Macron was horrified. He called the French ambassador in Rome. There is no harsher diplomatic reaction than this. The last time Paris withdrew its ambassador to Rome was in 1940. In Italy, the fascists of Benito Mussolini and their German allies had already raided Poland. More clearly, a government can not show its anger. But Di Maio also took that on rather relaxed.
Five-star movement loses approval
The reason: The dispute with France is not inconvenient for him. He faces several regional and local elections. In addition, the European elections will take place in May, the outcome of which may lead to the end of the Roman Lega Star coalition. However, Di Maio's movement is losing popularity among Italian voters:
- In the regional elections in Abruzzo at the weekend, the star leader experienced a debacle. Instead of 40 percent, as in March last year, voted only 20 percent of the electorate for the protest movement. She fell from first place to third.
- About the replacement Di Maios is now openly discussed. He knows he desperately needs an enemy image, against which he can fight - supposedly in the name of Italy. Otherwise his populism will not work.
That's why he's looking for a fight with Macron. Especially since the rivalry between France and Italy has been smoldering for some time, for example in Libya: Both governments are trying to secure the largest possible share of the rich oil resources with the help of allied militias. And France's allies on the ground are currently on the rise.
Berlusconi warns about the economic consequences of the dispute
Alone: The cost of a dispute with France - both politically and economically - huge. After Germany, France is the most important trading partner for Italy. The mutual trade brings Italy a surplus of 6.7 billion euros, the two economies are closely intertwined. Nevertheless, there are already serious first cracks in bilateral relations:
- The rescue of the heavily indebted airline Alitalia by the entry of Air France and Delta Airlines is once off the table.
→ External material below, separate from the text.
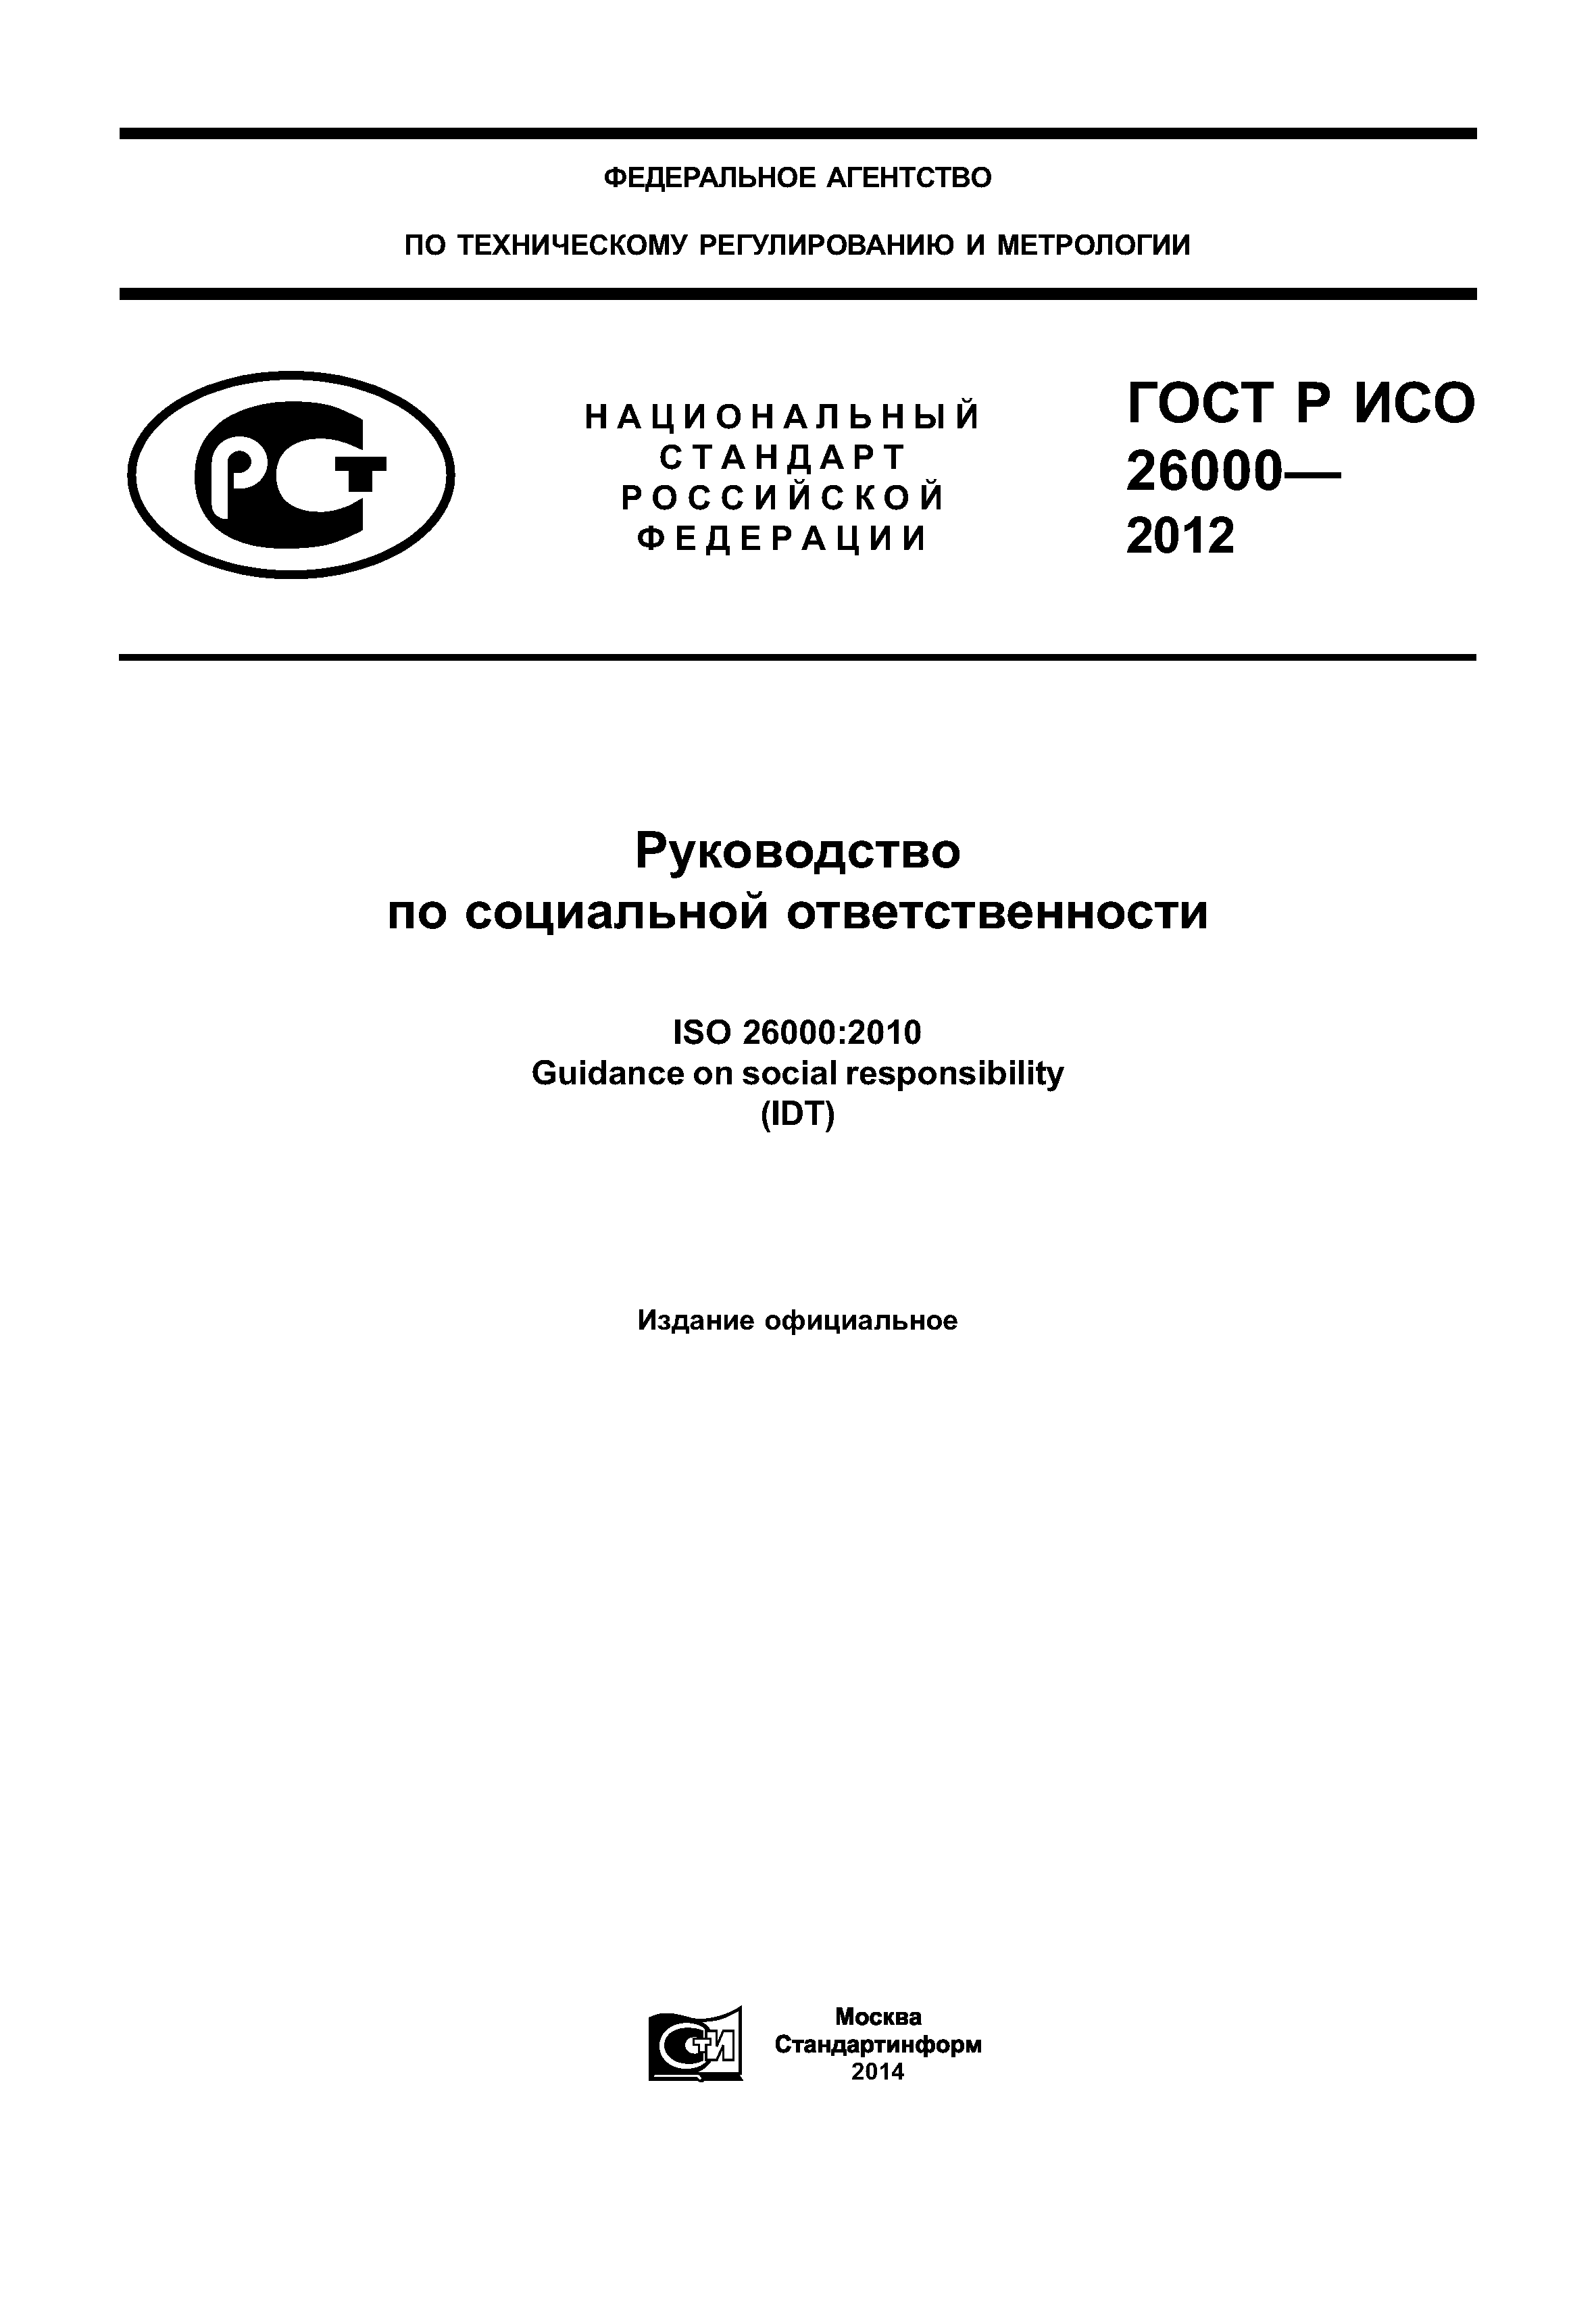 ГОСТ Р ИСО 26000-2012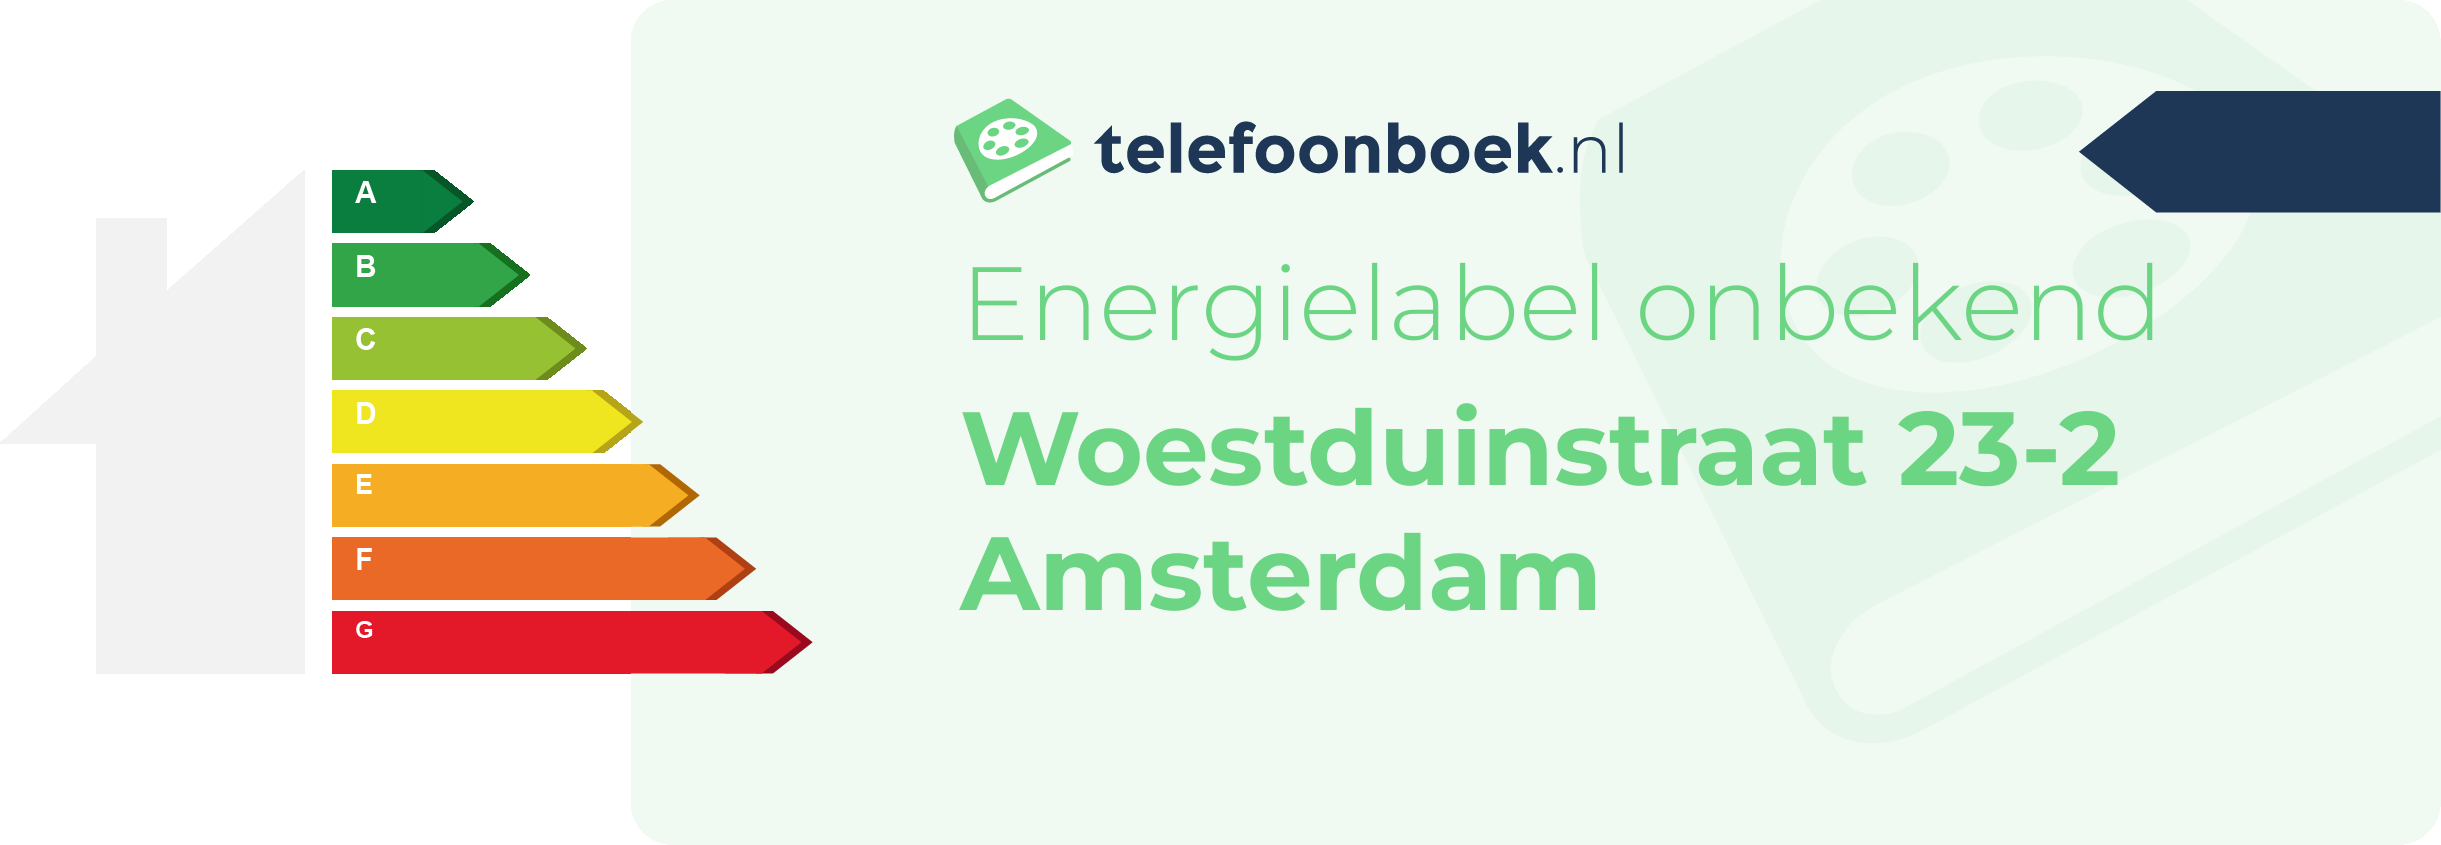 Energielabel Woestduinstraat 23-2 Amsterdam

- A meeting of prosecutors from the interior ministries of both countries to inspect new extradition requests from Rome - for example, to ex-terrorist Italians living in France - was canceled.
- The planned Franco-Italian alliance of shipbuilders Fincantieri and Chantiers de l'Atlantique is on hold.
Even Silvio Berlusconi is alarmed. "We are all affected by what the Star Movement is doing to the country," he said recently. His company has in recent days "lost over 100 million euros in value".